Bedanya, kalau rakyat Buton melakukan kocok ulang karena hasil Pilbup 4 Agustus silam dianulir MK, Baubau tidak. Agenda Pemungutan Suara Ulang (PSU) Buton, 15 Juli, sedangkan Pilwali kemungkinan bersamaan dengan Pilgub Sultra, 4 November.

Saya melihat karena faktor tidak ada incumbent inilah yang membuat cuaca politik di Baubau dan Buton, memanas. Salah satu buktinya, Pilbup Buton berujung PSU. Korban yang jatuh pun banyak, diantaranya semua Komisioner KPU Buton dipecat dengan tidak hormat. La Biru, La Ode Endang, Abdul Salam, Sumarno, dan Agus Salim diberhentikan sebelum waktunya.

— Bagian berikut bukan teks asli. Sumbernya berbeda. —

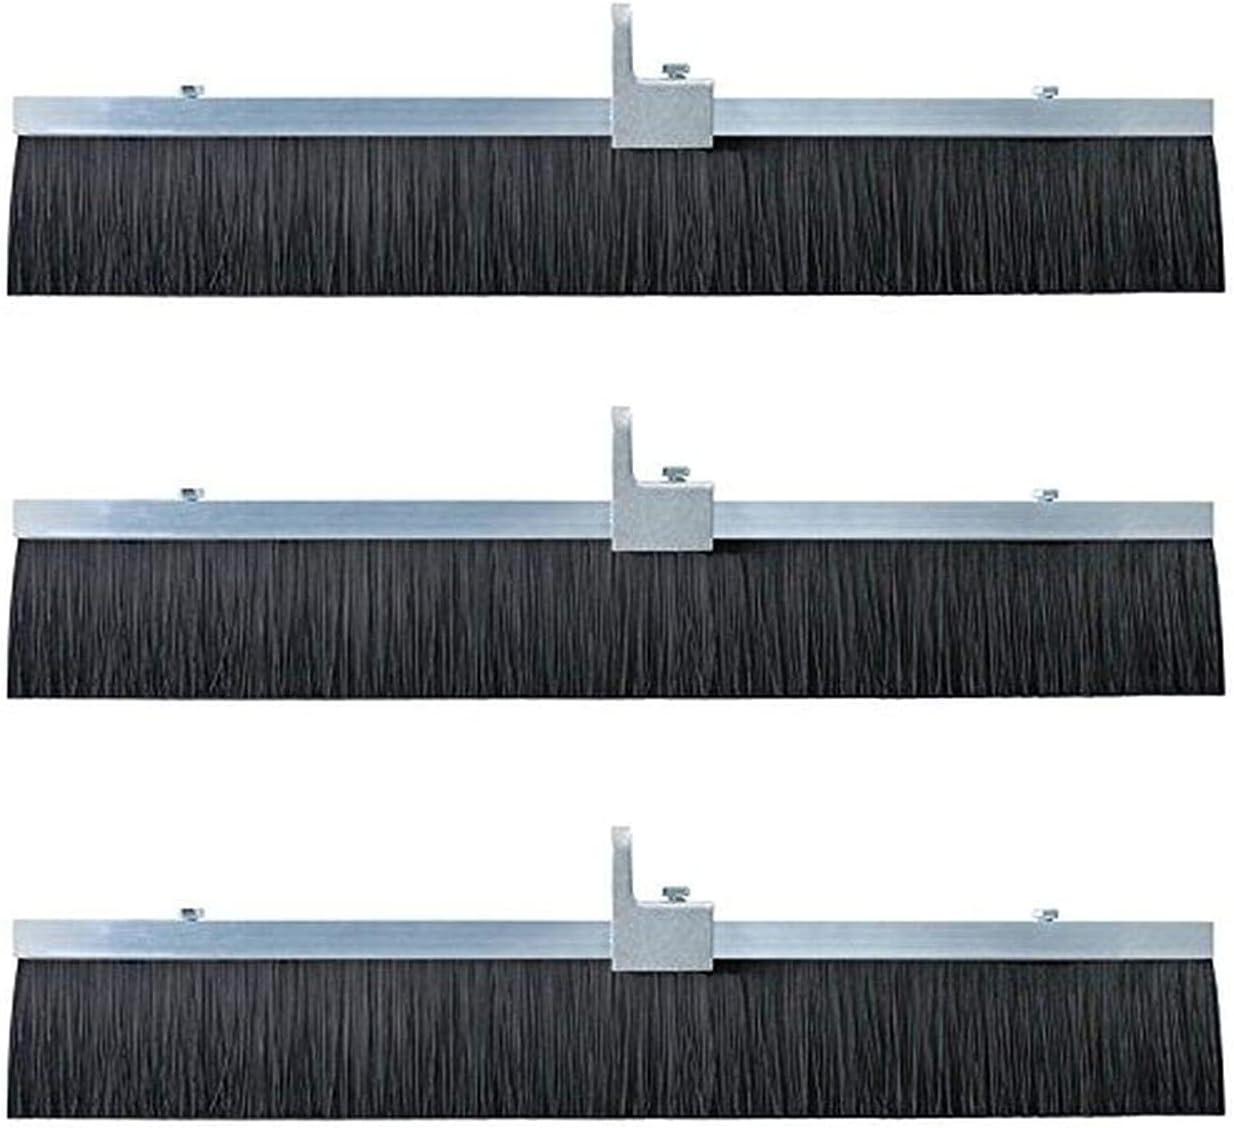 Kraft Finally popular brand Tool CC156 36-Inch Weigh-Lite Broom safety Concrete Three Pack

Akibatnya, Nasruan mengambil alih tampuk kepemimpinan di Buton sebagai pejabat bupati karena belum ada bupati definitif yang dihasilkan Pilbup.

Saya melihat hal tersebut terjadi karena kerasnya gesekan pesta demokrasi. Walaupun jadwalnya berlangsung secara alami, namun benturan politiknya sangat luar bisa kerasnya. Kendati incumbent tidak ada, tapi secara terselubung perannya cenderung condong kepada salah satu figur pewaris takhta.

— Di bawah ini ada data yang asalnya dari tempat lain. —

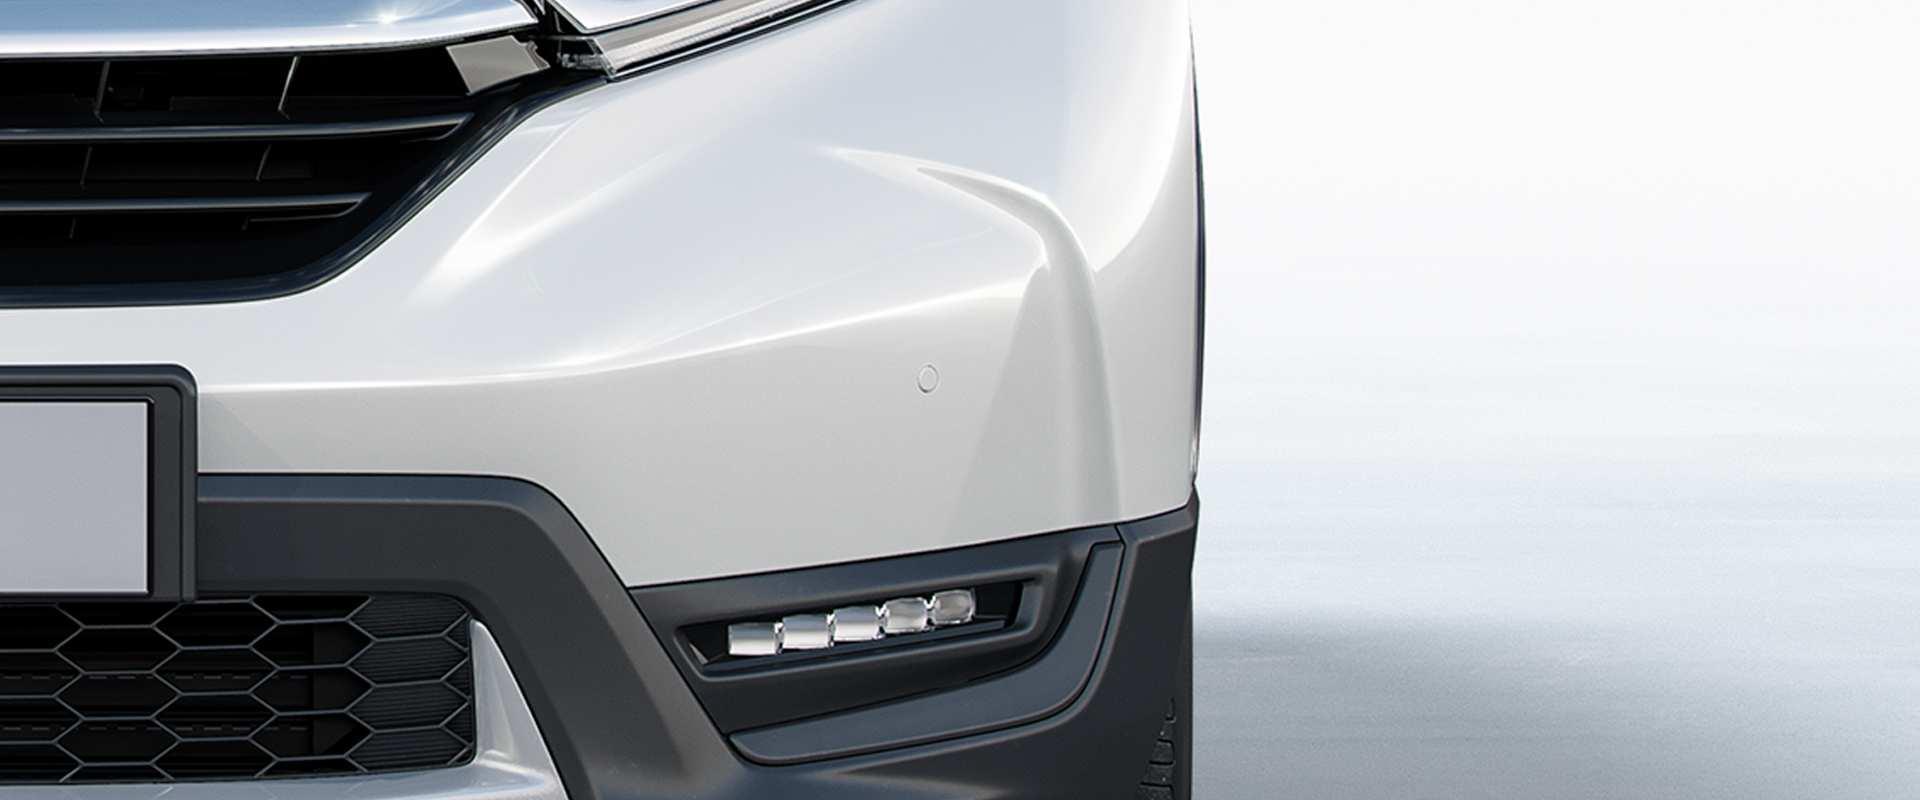 Sensores de estacionamento dianteiro e traseiro

Dari sudut pandang politik hal tersebut tidak salah. Semua warga negara punya hak yang sama, dengan catatan memenuhi syarat untuk maju sebagai kandidat kepala daerah.

Sayangnya hal ini menjadi salah satu faktor yang menimbulkan resistensi bagi kandidat lain. Terlepas dari plus minusnya kandidat tersebut.

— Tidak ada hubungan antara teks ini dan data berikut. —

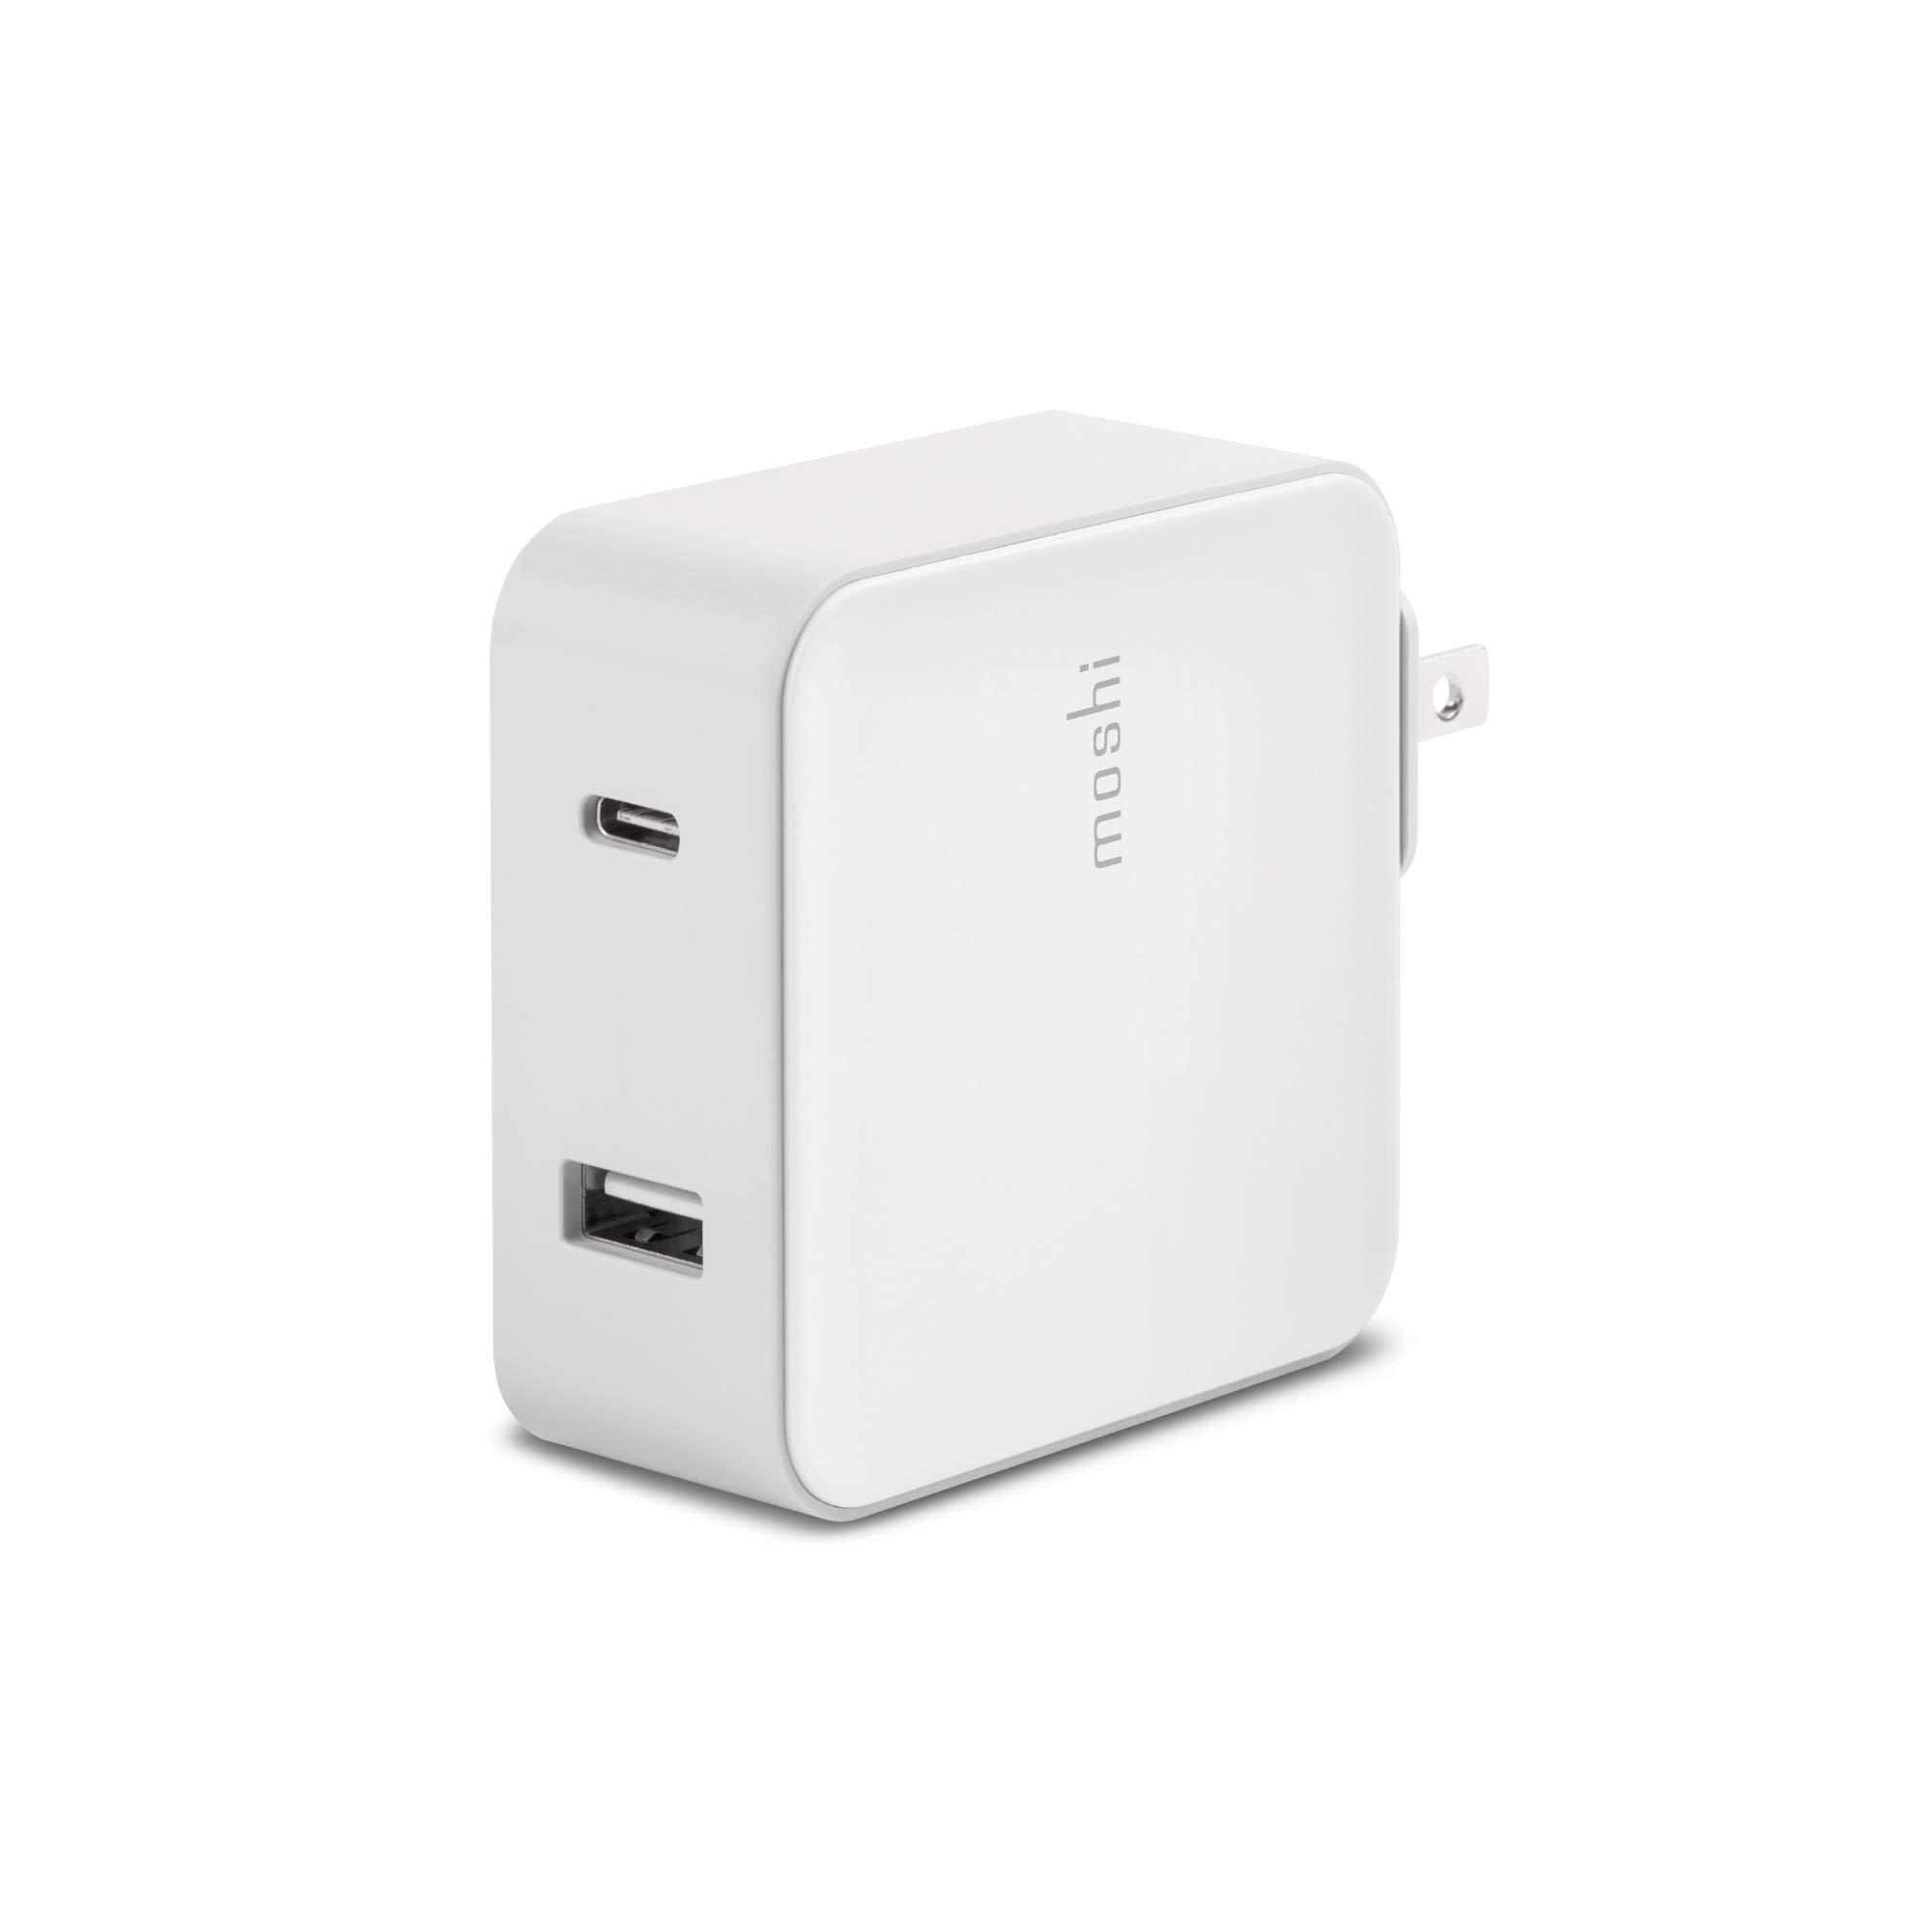 Moshi ProGeo USB-C Wall Charger (42 W, US), USB-C and USB, PD3.0 and QC3.0

Inilah menjadikan suasana Buton Raya Spring semakin terasa. Ya, musim semi politik di Buton dan Baubau. Sekarang, seolah semua dinamika dimaknai sebagai sesuatu yang tidak luput dari interest dan intrik politik.

Pertanyaannya sekarang, dari semua itu, apakah keinginan rakyat sudah terpenuhi? Mungkinkah hiruk pikuk politik yang terjadi dapat merubah nasib mereka? Apakah proses suksesi kepemimpinan dapat membuat kenyang perut rakyat?

Banyak pertanyaan yang perlu dijawab untuk mendekatkan harapan rakyat terhadap pemimpinnya. Kalau mau jujur, diantara aneka pertanyaan yang muncul, harapan rakyat cuma satu, kesejahteraan. Lebih rinci, lapangan kerja terbuka, perut tidak lapar lagi, kebutuhan pendidikan, kesehatan, sandang, pangan, papan terpenuhi, dan masa depannya cerah.

Figur yang mampu mewujudkan hal tersebut pasti lebih diinginkan rakyat. Siapa pun dia. Bahkan dari latar belakang apa pun ia. Rakyat membutuhkan pemimpin seperti itu, ketimbang figur yang hanya mampu memberikan "angin surga", namun programnya sulit terealisasi. Ketimbang program yang hanya menjadi lipstik politik, melangit, berangan-angan tinggi, tidak membumi sesuai realitas kebutuhan masyarakat. Kasihan rakyat, sampai kapan dibodohi, harus melarat seraya mengutuk nasib yang tak kunjung berubah.

Rakyat butuh figur pemimpin yang mampu melakukan edukasi, representasi, artikulasi, dan agregasi hak-hak mereka. Dengan demikian, mereka tidak merasa sunyi dalam keramaian. Namun sebaliknya, menikmati berkah politik yang bertujuan untuk mengatur dan mengurusi semua kebutuhannya agar terpenuhi.